Salat Tarawih Tengah Malam, Pulang Harus Pamitan

Rabu, 08 Juni 2016 – 00:35 WIB
Masjid Keraton Buton masih mempertahankan bentuk keasliannya. Salat tarawih di masjid ini pada malam pertama Ramadan masih digelar tengah malam. Gambar diambil Senin (6/6). Foto: Akhirman/Kendari Pos

jpnn.com - MASYARAKAT Buton masih terus melestarikan budaya warisan lelulur. Misalnya, pelaksanaan salat tarawih pada malam pertama Ramadan yang dilaksanakan tengah malam diawali dengan sebuah tradisi. Jamaah tarawih tak boleh langsung masuk ke Masjid Keraton, namun harus melewati proses adat lebih dulu.

Akhirman-Buton

BACA JUGA: Dulu Dicibir, Kini Banyak yang Mengikuti Pilihannya

Bulan Suci Ramadan merupakan sebuah momen penting yang dinatikan dan dirindukan oleh setiap umat muslim. Dimana, dalam bulan ini, segala perbuatan baik seseorang dilipatgandakan oleh Allah SWT. Makanya, seluruh masyarakat muslim meyambut baik dengan penuh kegembiraan akan datangnya bulan Ramadan.

Di Kota Baubau misalnya. Sebagai daerah eks Kesultanan Buton dan menjadi salah satu pintu masuknya ajaran islam pertama di Provisnsi Sulawesi Tenggara, pelaksanaan shalat tarawih begitu sakral. 

BACA JUGA: Rita Telepon, Poniati: Katanya Dia Akan Pulang..

Berbagai ritual mengiringi setiap tahapan sebelum masuk pelaksanaan ibadah shalat tarawih malam pertama Ramadan.

Kurang lebih 10 menit sebelum jarum jam menunjuk pukul 00:00. Seluruh perangkat Masjid Keraton yang berjumlah 22 orang duduk di "gode-gode" masjid. 

BACA JUGA: Tenun Ikat NTT Bersaing Dalam Peta Seni dan Budaya Dunia

Tampak salah seorang perangkat Masjid Keraton bergelar Moji bergegas, kemudian menyuarakan sebuah kalimat. "Tarango tarango tarango, walayikaana walayikayi malono siy bhana bhangu". 

Ternyata arti kalimat itu dalam bahasa Indonesia adalah  “dengar, dengar, dengar sebelah kanan sebelah kiri, depan dan belakang, malam ini adalah malam pertama sahur.” Sebuah pemberitahuan pada seluruh jamaah untuk malam pertama puasa.

Setelah itu, salah satu perangkat masjid karaton lainmya yang bergelar tunggu nabula (tokoh penentu hari dan kebijaksanaan waktu) melapor kepada imam masjid. 

"Joo imamu kawamo wakutu artinya, wahai iman sudah memasuki waktu shalat. Sontak sang imam menjawab "joo" kemudian melanjutkan kalimat itu pada perangkat masjid bergelar "Lakina Agama" (penentu kebijakan hasil musyawarah keagamaan)

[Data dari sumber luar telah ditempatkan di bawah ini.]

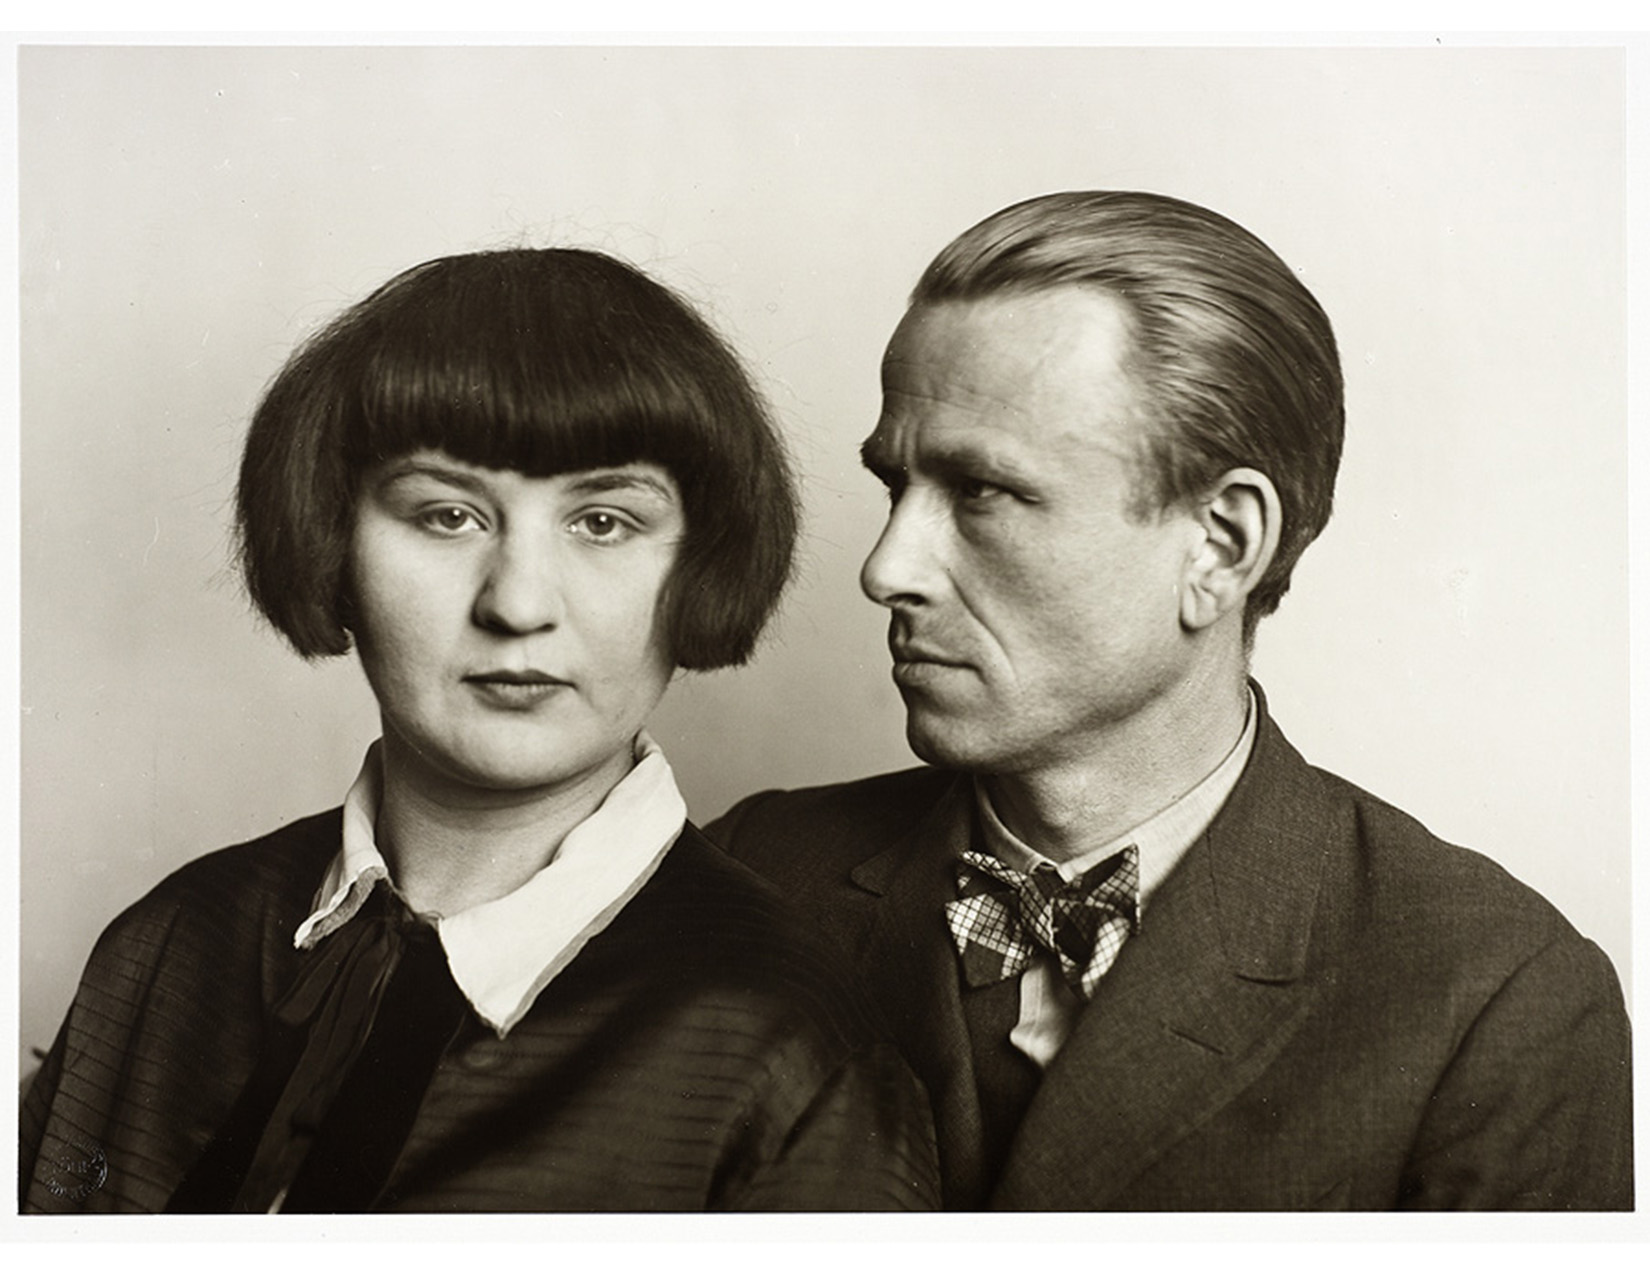 bust portrait of a couple against plain backdrop; woman has a dark blouse with white collar, she has cropped hair and a serious expression looks out at the camera; the man seated overlapping with her has a suit, light shirt and printed bow tie, he has slicked back hair, a serious expression and is looking at her

Setelah Lakina Agama mengetahui bahwa sudah memasuki waktu shalat, salah satu tokoh masjid bergelar "Tunggu Naaba" (Plotokoler) pamit kepada imam masjid untuk mengumandangkan adzan.

"Joo Imammu sama Taposangakamo bangu" (permisi imam saya mau mengumandangkan adzan). Kemudian Tunggu Naaba menugaskan moji menyuarakan adzan untuk melaksanakan ibadah shalat isya.

Saat adzan dikumandangkan, 22 perangkat masjid keraton belum memasuki ruangan masjid. Mereka tetap berada di gode-gode sembari menunggu selesainya adzan. Nanti setelah adzan selesai, barulah mereka bergegas masuk ke dalam masjid secara berurutan sesuai ketentuan. Yaitu, dari perangkat masjid termuda sampai tertua (Lakina Agama). Setelah masuknya mereka kedalam masjid, proses ibadah mulai dilakukan seperti biasa. 

"Apa yang kita lakukan harus sesuai dengan aturan dan adab yang telah ditentukan. Tidak ada yang boleh menyalahi atau keluar dari semua itu," kata salah satu perangkat Masjid Keraton Kota Baubau bergelar "Lakina Agama" La Ode Zulkifli.

Seluruh prosesi rangkaian ibadah shalat isya dilakukan yaitu sekitar pukul 00:15. Selanjutnya dilakukanlah seruan untuk shalat tarawih yang disebut "gora". Dilanjutkan dengan seruan Shalawat Nabi yang dilakukan oleh moji sebagai tanda akan dimulainya shalat tarawih.

Jumlah rakaat shalat tarawih yang dikerjakan pada malam perdana bulan suci Ramadhan tidak seperti biasanya. Jika, umumnya shalat tarawih dilakukan dengan jumlah delapan rakaat ditambah tiga rakaat shalat witir, pelaksanaan shalat tarawih malam pertama di Masjid Keraton sebanyak 20 rakaat ditambah tiga rakaat shalat witir.

Untuk aturannya tetap sama yaitu, dua rakaat satu salam untuk shalat tarawih dan tiga rakaat satu salam untuk shalat witir. 

"Pelaksanaan 20 rakaat shalat tarwi dan tiga rakaat shalat witir kita lakukan tiga kali di bulan ramadhan. Yaitu, pada malam pertama puasa, malam kunut (16) puasa dan Lailatul Qadar (27) puasa. Semua itu, sebagai ungkapan syukur kepada Allah SWT atas segala berkah yang diberikan. Karena yang namanya shalat sunah tidak dibatasi. Tergantung kesanggupan yang menjalaninya. Tetapi, khusus kita di Masjid Keraton, dilakukan sebanyak 20 rakaat. Itu semua telah berlangsung dari turun-temurun sejak ratusan tahun silam. Dimana kita yakini bahwa hal itu telah dilakukan sejak ajaran Islam masuk di Kota Baubau diera Kesultanan Buton," jelasnya.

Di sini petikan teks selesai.